▶ COLLECTED MATERIAL
□ □ □
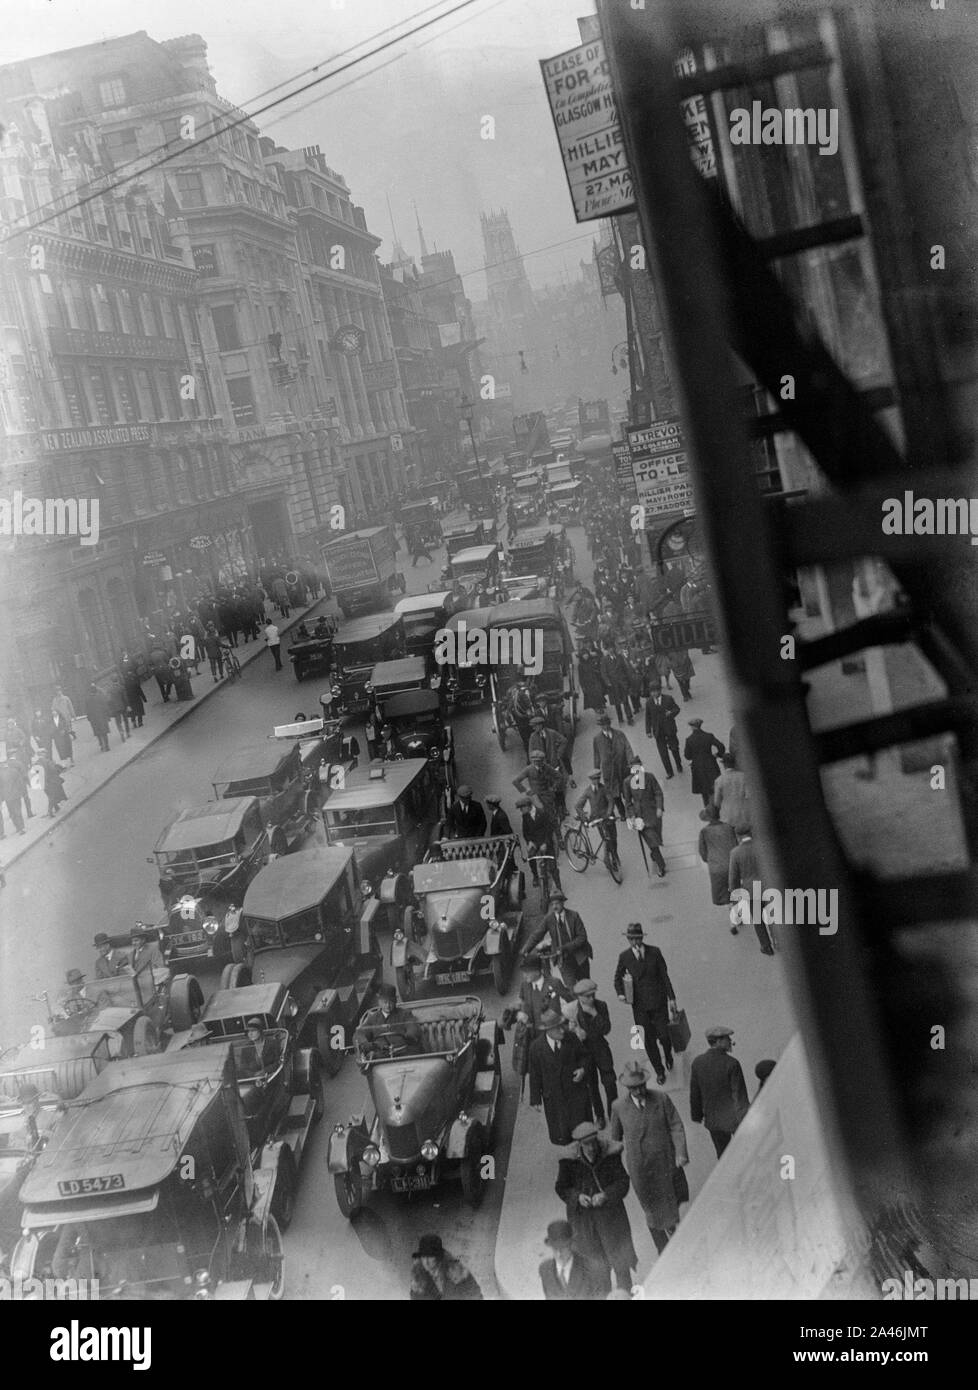 4th May 1926. Fleet Street, London, England. The streets of London busy with pedestrians and motor vehicles, as the general Strike begins to take hold. Soon, the streets would see the British Army in tanks and armoured cars, in an attempt to keep the peace and maintain basic services. Stock Photo
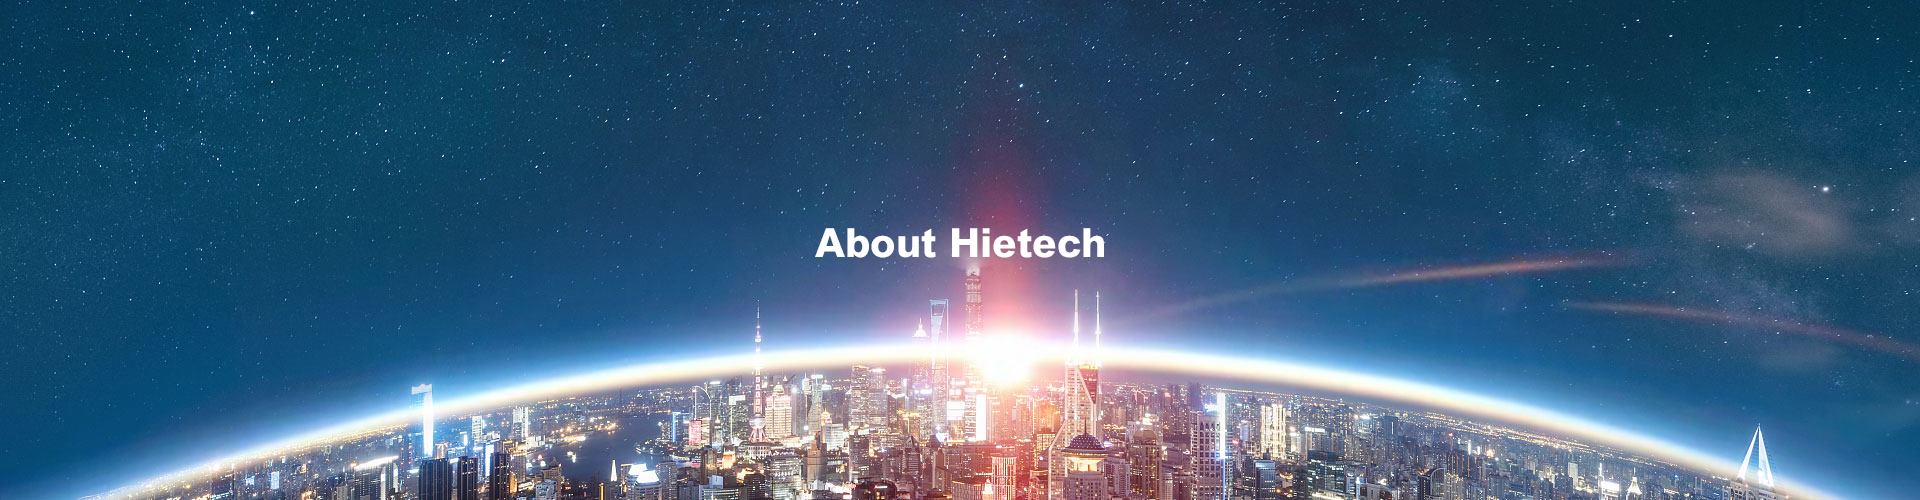 Hietech is an industry-leading facility smart loT enterprise with more than 17 years of industry experience in the field of energy and facilities. lt is committed to providing users with the most reliable intelligent facilities lot services, helping enterprise users develop their business and creating incremental value.
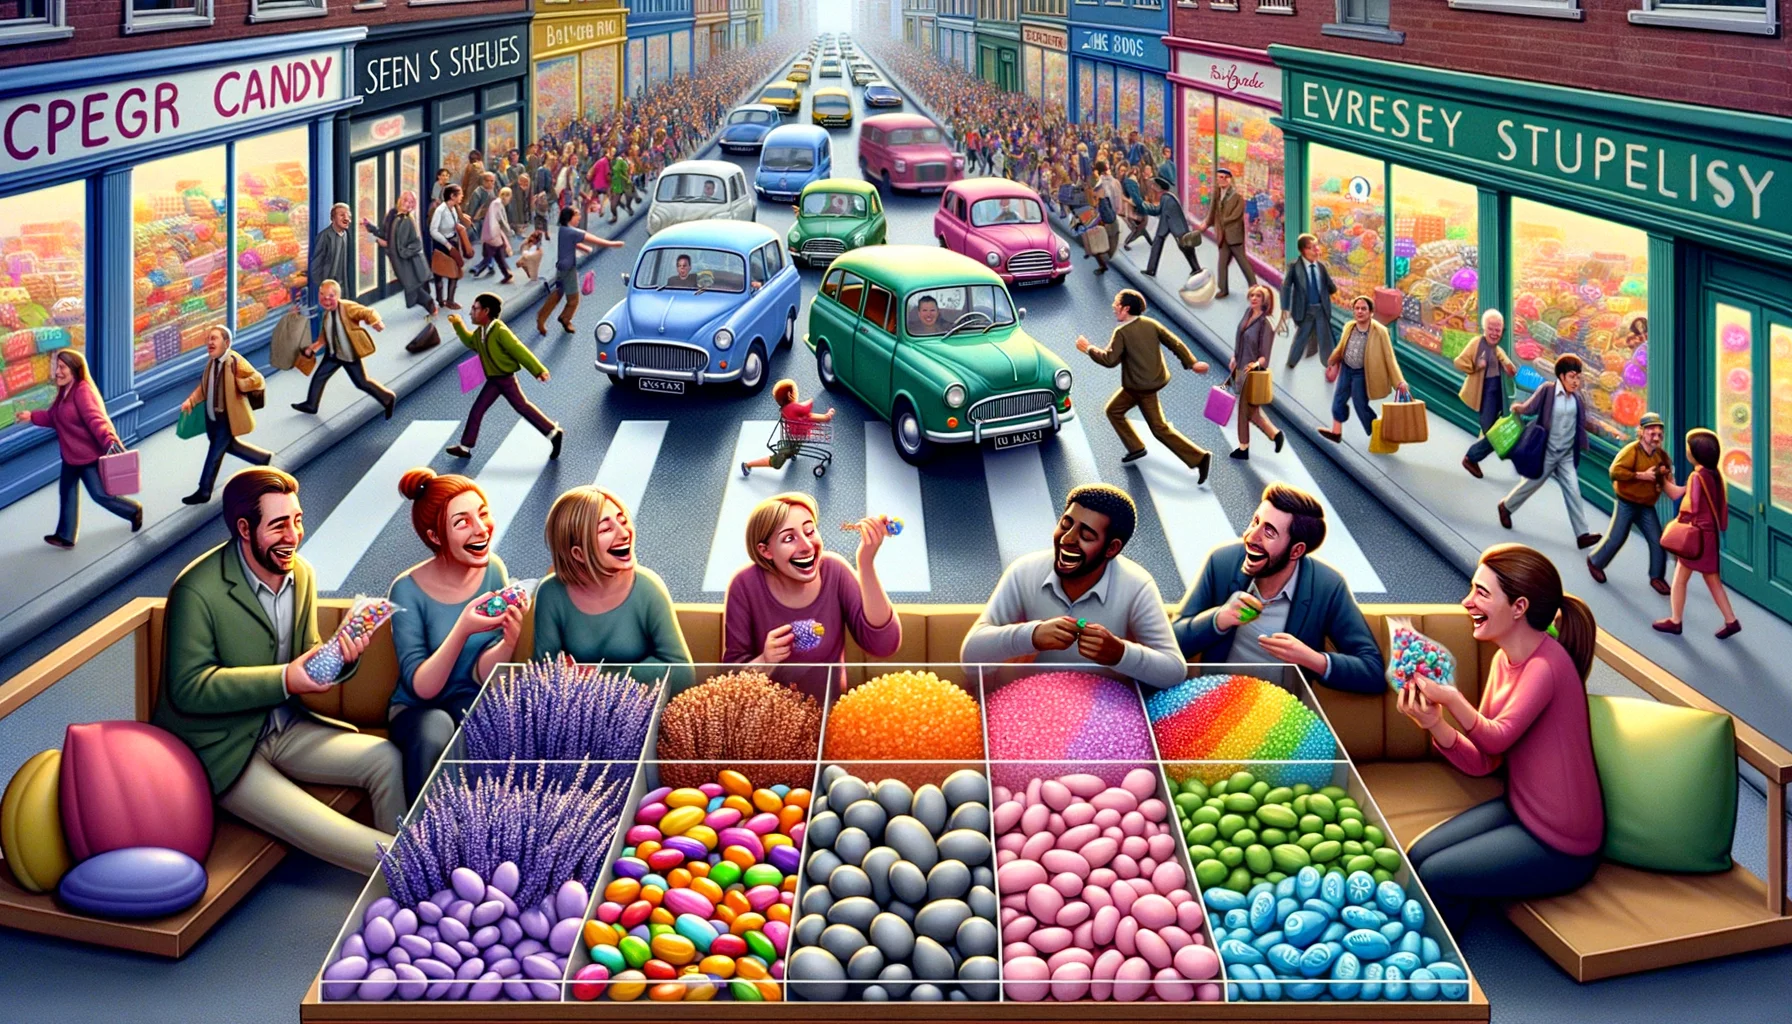 Imagine a humorous and realistic scene depicting the ideal scenario for 'Candy for Reducing Anxiety and Stress'. In the foreground, there's a vibrant candy shop display showing a colourful assortment of this specialty candy. The candies come in all shapes and sizes, each designed to mimic calming items like lavender flowers, zen stones, and cute stress balls. A few customers, made up of a Caucasian male and a South Asian female, are laughing while choosing their candies, nonchalantly ignoring the chaos outside - a comically exaggerated scene of urban hustle with cars honking, people running for buses.
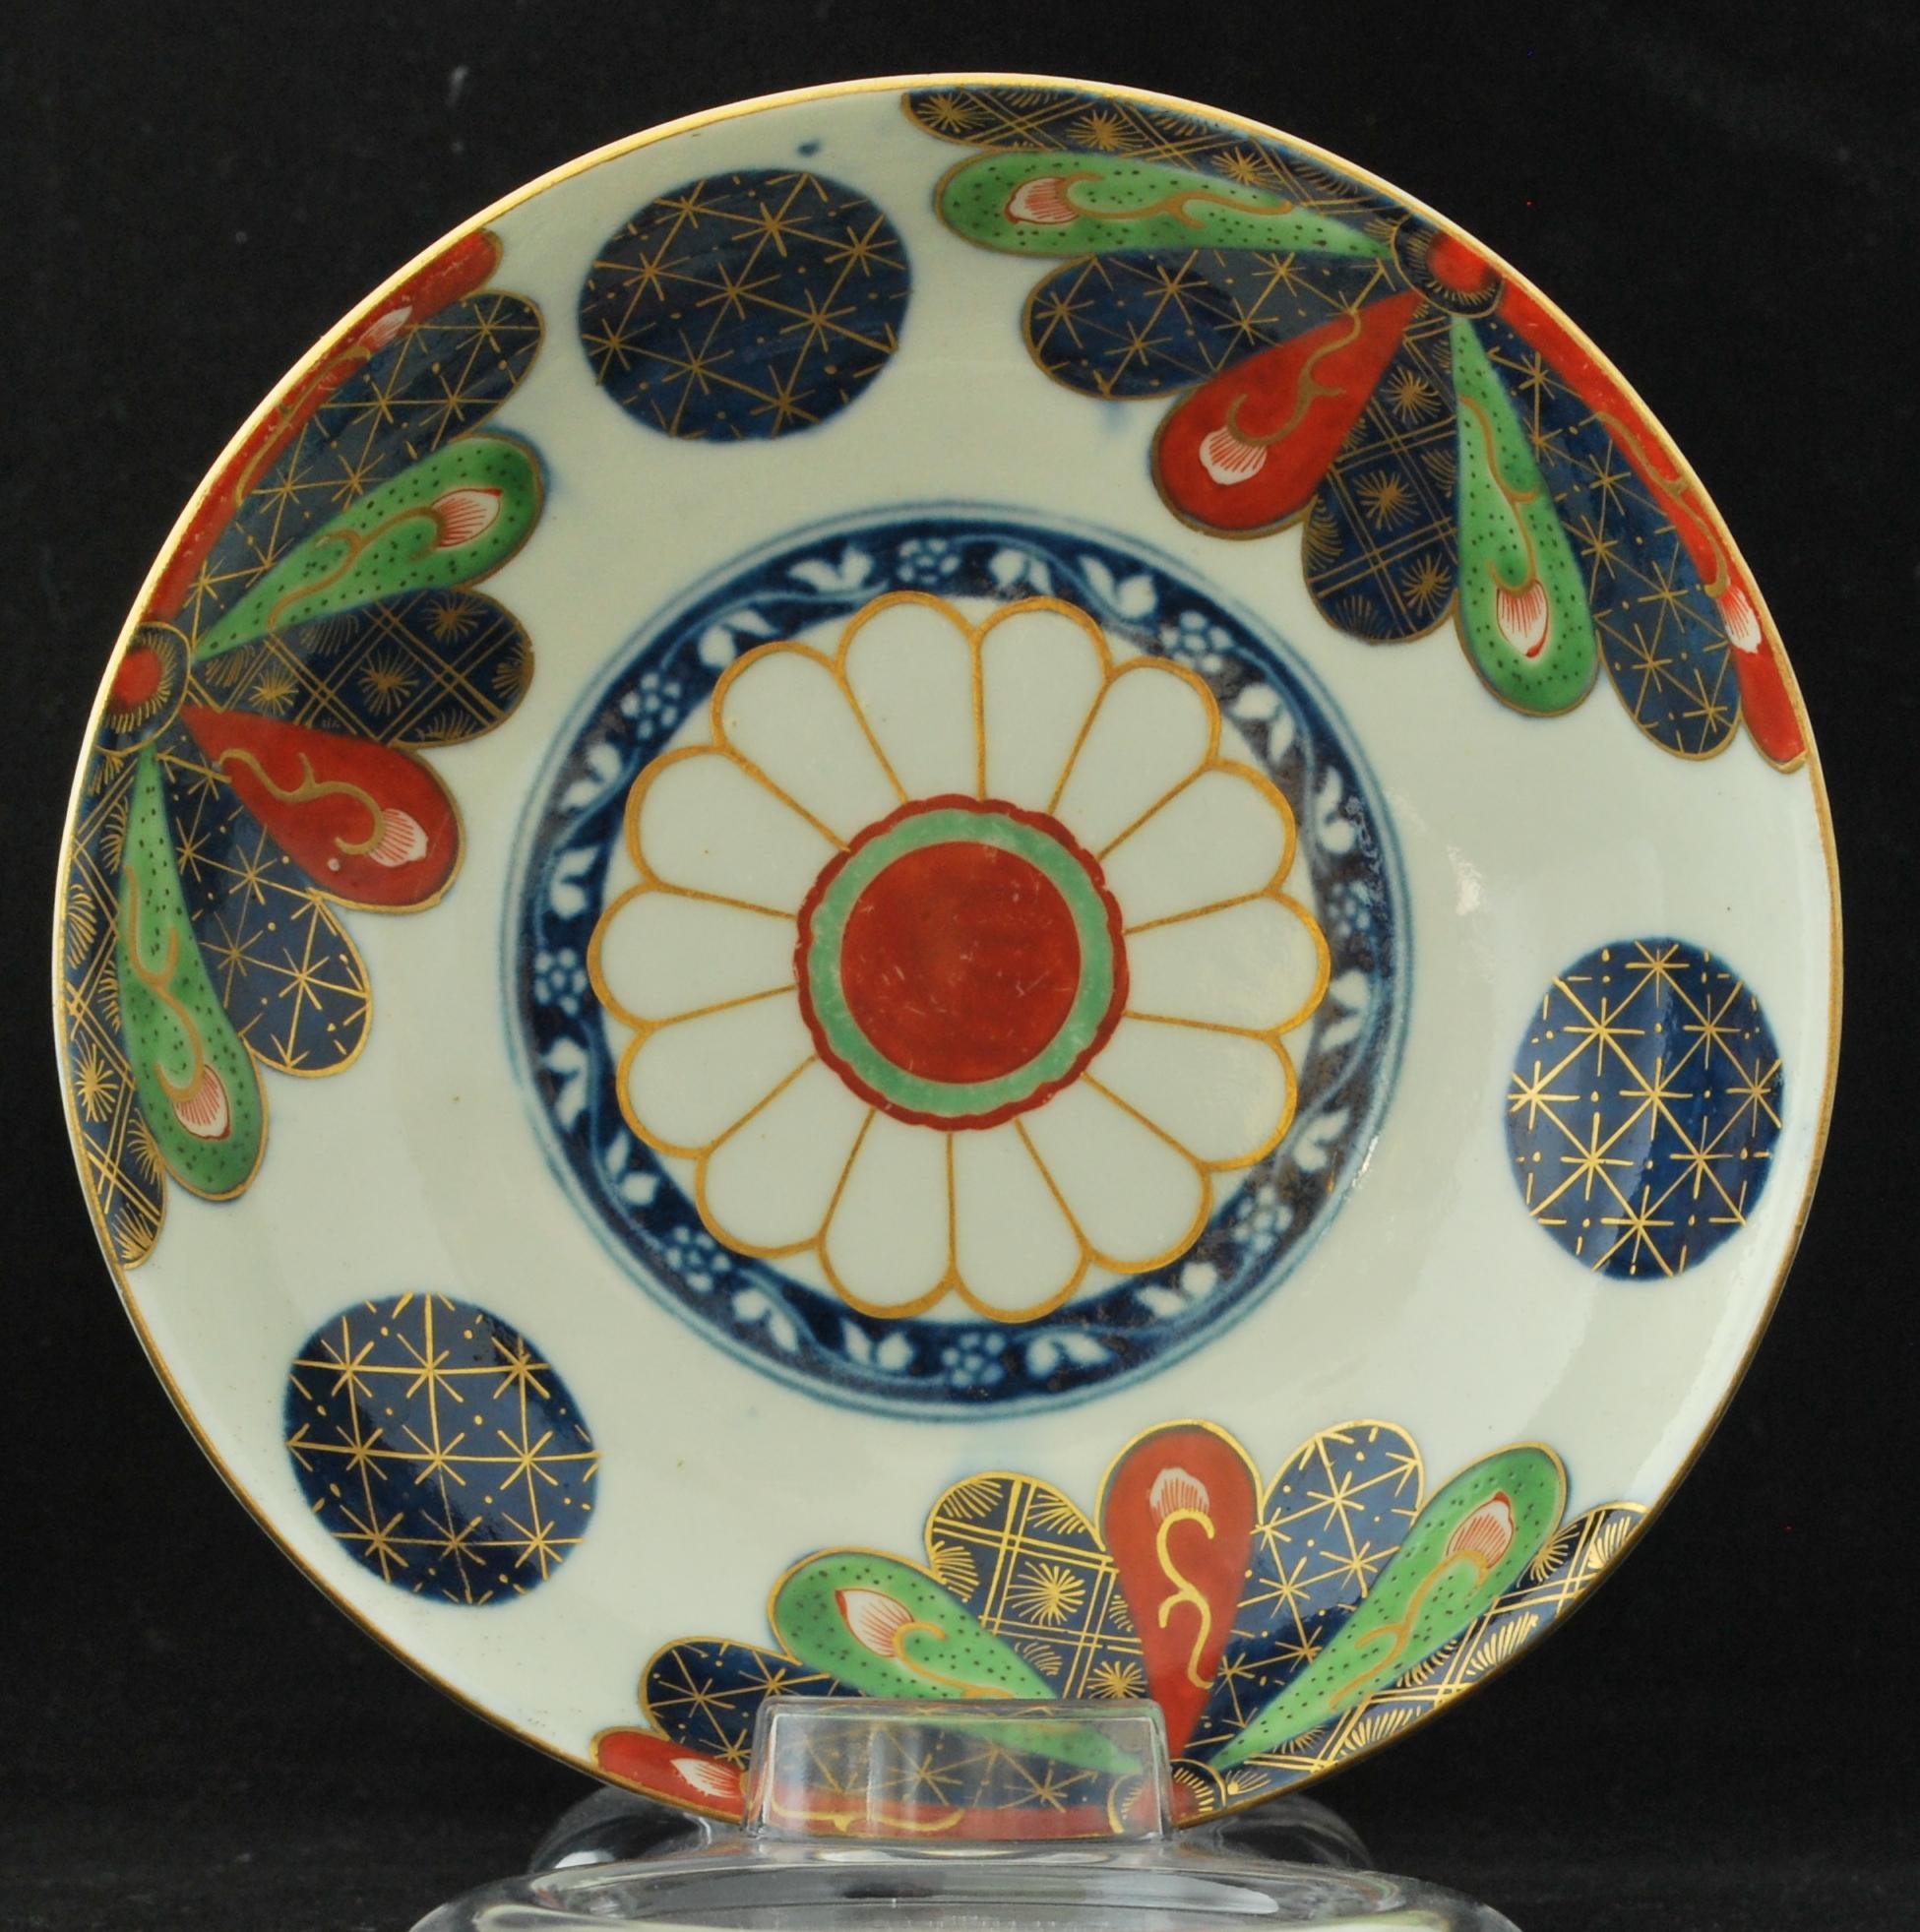 Tea bowl and saucer, decorated with the fan pattern, after a Japanese original. A striking effect.
□ □ □
▶ REQUIRED WORK
Please copy, exactly and only, the lines of the listing that run from the one holding "Imagine a humorous" through its last line, and exclude pictures.

▶ SOLUTION TO THE EXERCISE
 Imagine a humorous and realistic scene depicting the ideal scenario for 'Candy for Reducing Anxiety and Stress'. In the foreground, there's a vibrant candy shop display showing a colourful assortment of this specialty candy. The candies come in all shapes and sizes, each designed to mimic calming items like lavender flowers, zen stones, and cute stress balls. A few customers, made up of a Caucasian male and a South Asian female, are laughing while choosing their candies, nonchalantly ignoring the chaos outside - a comically exaggerated scene of urban hustle with cars honking, people running for buses.
 Tea bowl and saucer, decorated with the fan pattern, after a Japanese original. A striking effect.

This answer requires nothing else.